I love getting Christmas cards.  Really.  The perfect -- or wonderfully un-perfect picture of family or friends.  Whether I see them occasionally, or rarely, I love to get the pictures.  The letters are even better!  Glimpses in to people's lives.  Highlights of the year's activities, accomplishments, and milestones in their children's lives.

What I hate is writing them.  Have you noticed that I haven't sent any for several years now?  Each year it seems to get harder.  I think about it, plan on it, sometimes even make lists of names and addresses.  Once it comes to the letter, though, I give up.  This year, as Christmas drew closer, I was determined.  My cards are winter-y, but they don't actually say Merry Christmas.  Reflections come at the end of the year, anyway, so I thought my timing was perfect to send them as New Year's cards. . .

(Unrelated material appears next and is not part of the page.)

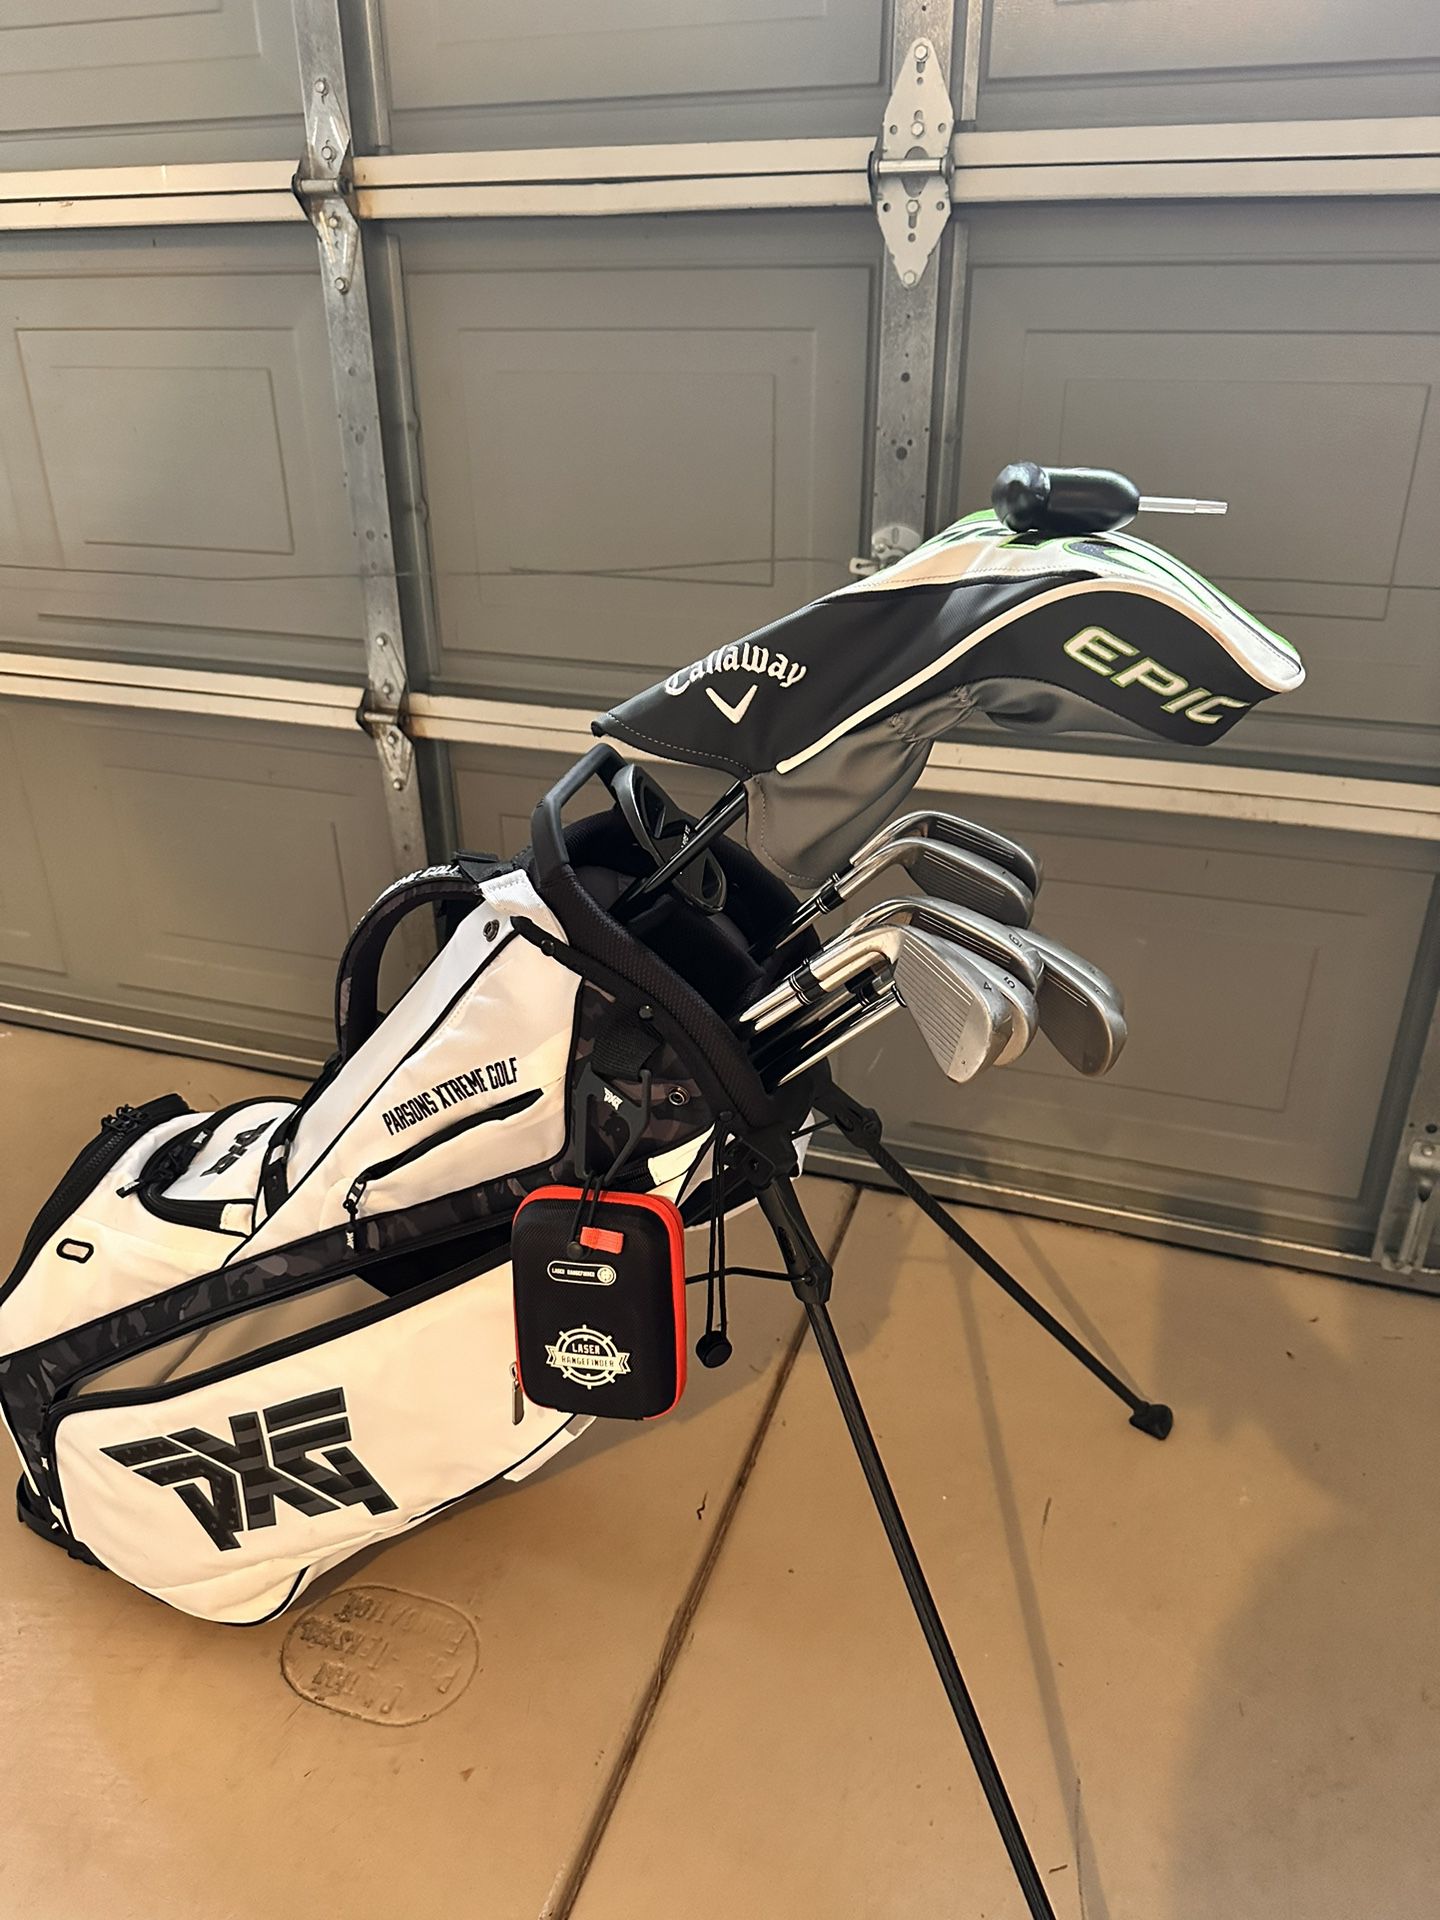 Golf Club Set w/ Bag and Rangefinder

Until I wrote mine.  It took me a few evenings to get the right wording about everything.  I threw in a little about our year as a family, a little bit about each of the boys, and a nice closing.  Then I re-read it, and realized the whole thing was ridiculous.  It didn't sound like us at all.  Who are these perfect, happy people?  It was then that the words from this blog flashed through my mind: It isn't a perfect life, but it's our life.  And I realized that I want to tell the truth.  Not the whole truth, but at the very least, I should recognize that it's us when I read the letter I'm about to send out.

So here I am, in a place where I can be honest about who I am, and what life is really like.  Because it's far from perfect.  And I do my best, but I'm not perfect, either.